That included everything from hanging lights, to hiring security, to leasing saddle horses and bringing in dirt for the arena.

Interestingly enough, they bring in about eight inches of dirt to cover the arena floor. Most of the time, that comes after there has been a basketball or hockey game on the arena’s floor or ice. 

Today, Robinson has a steady crew of 10-15 who put everything together and take it down. 

Since 1989, he’s used the same Ohio company to bring in and prepare the dirt and remove it after the show. The company also brings in dirt for indoor motor sport events. 

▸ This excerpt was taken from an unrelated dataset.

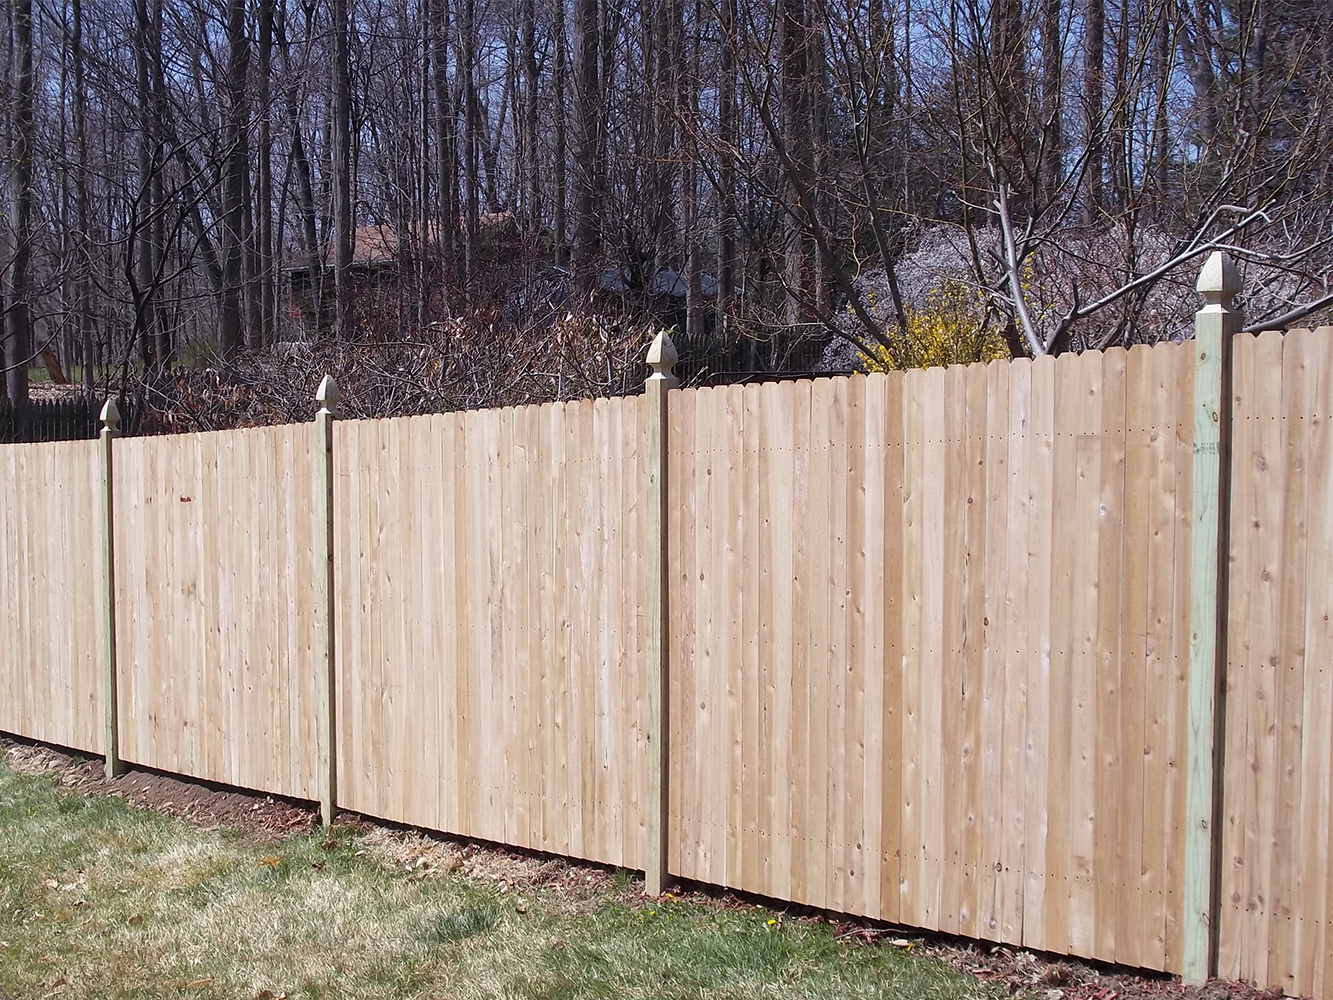 Photo of a wood fence from a fencing contractor in New York

Robinson loves what he does, serving as “arena director” for the PBR for the last 25 years. 

It has kept him close to the sport he loves so much. Even today, when a bull comes out of the chute, he visualizes in his mind what moves he’d make to ride that particular bull. 

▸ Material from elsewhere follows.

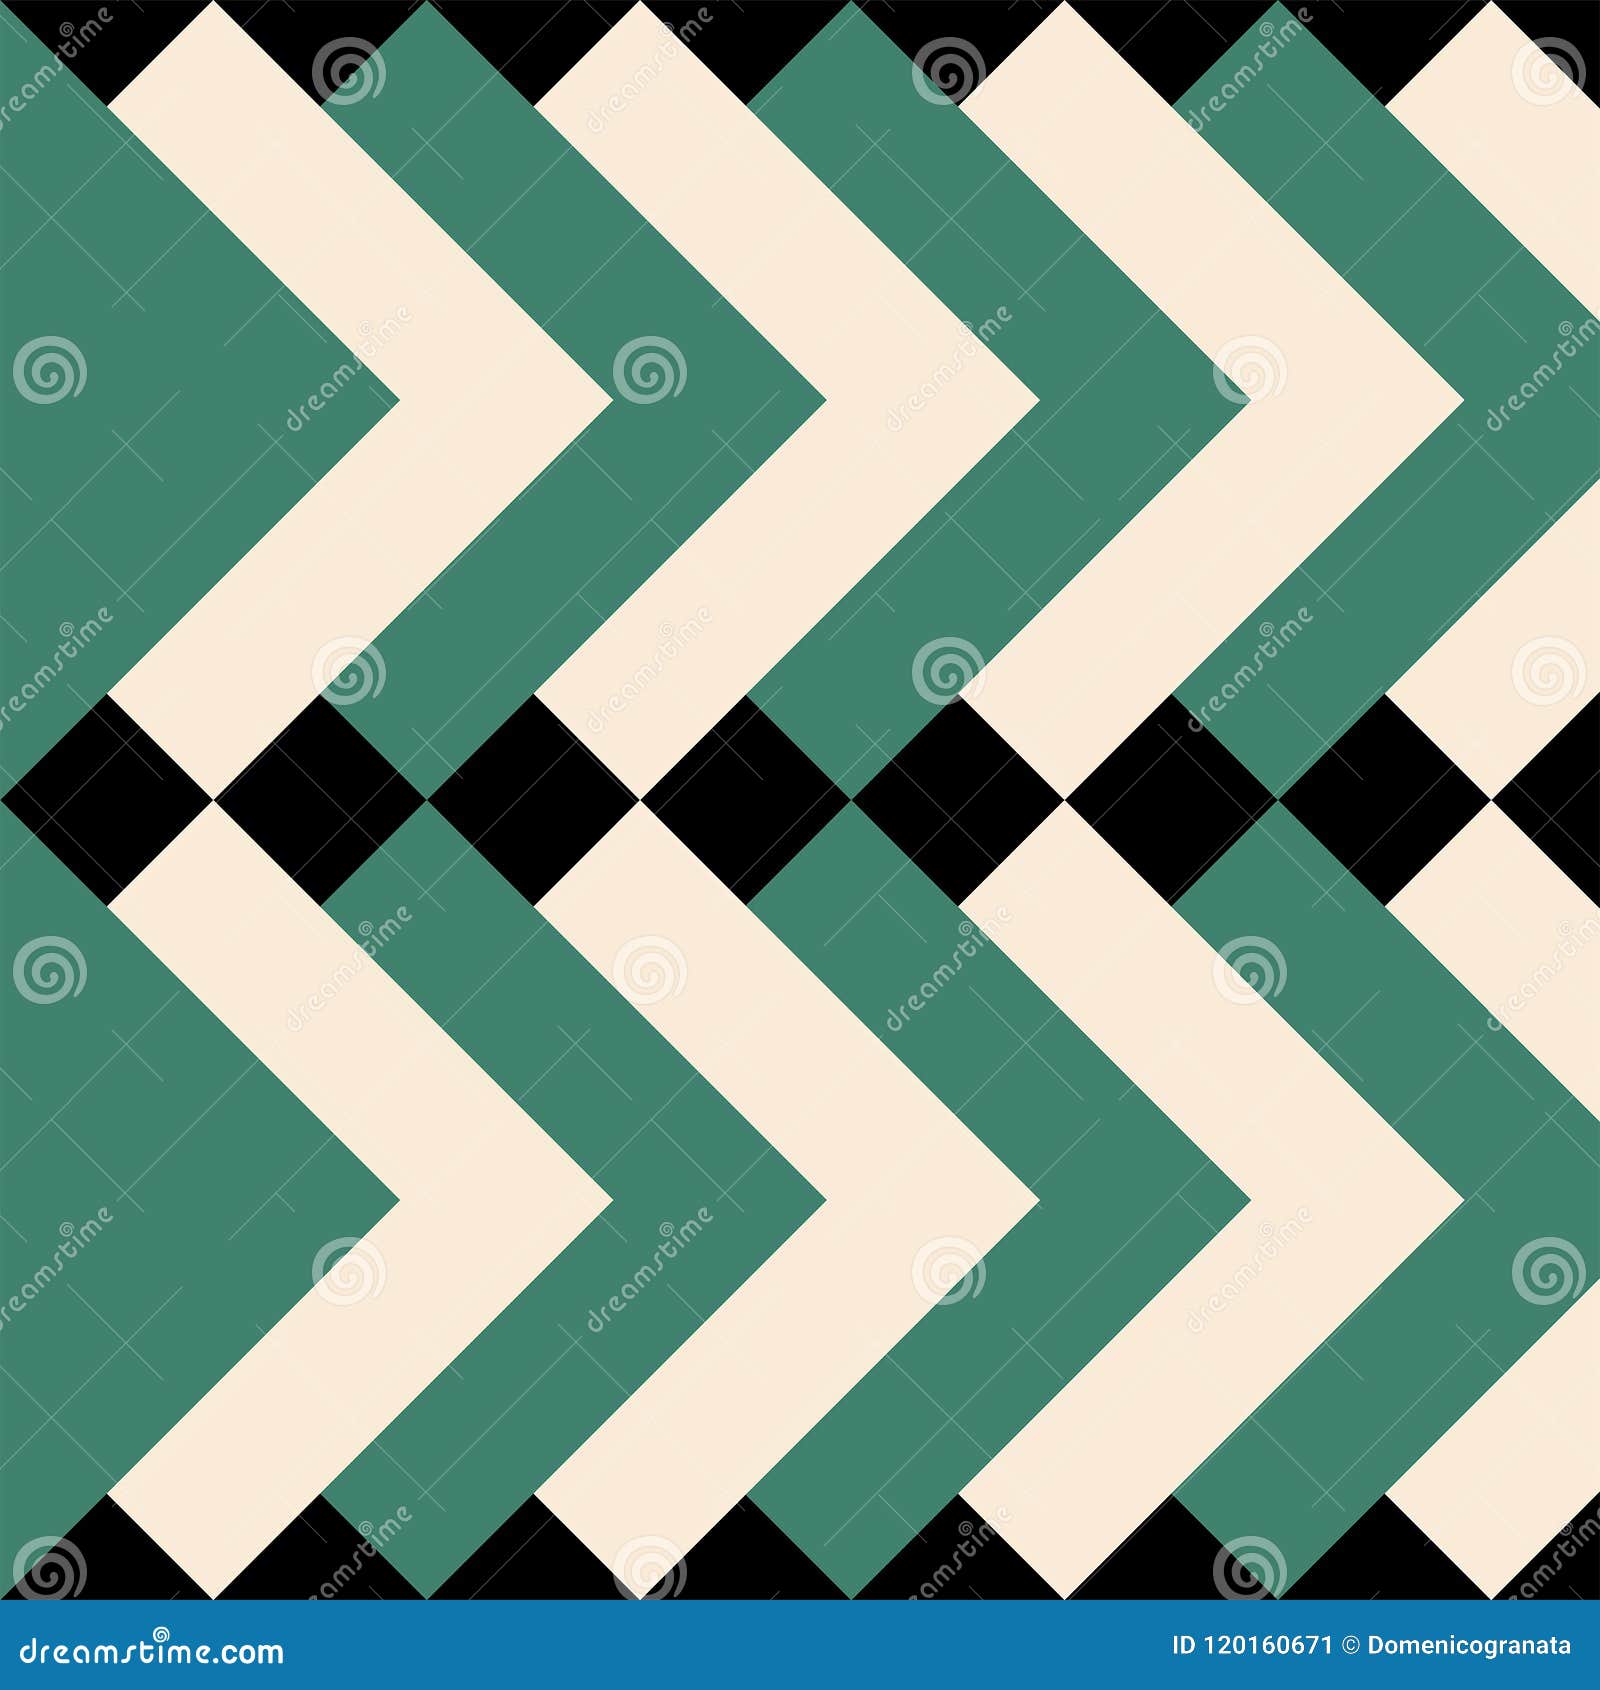 geometric pattern with green and cream squares

Running the PBR productions also means a significant travel schedule. He said he’s usually home two to three days early in the week. 

He credits his wife, Dorya, for keeping things together at home during his career and for playing a big role in raising their grown daughter, Amy. 

A 1965 graduate of Venango, Robinson said he doesn’t get back to Grant and Perkins County much since his dad passed away in 2014, but his ties to the area, and the friends he made growing up, still remain key for him. 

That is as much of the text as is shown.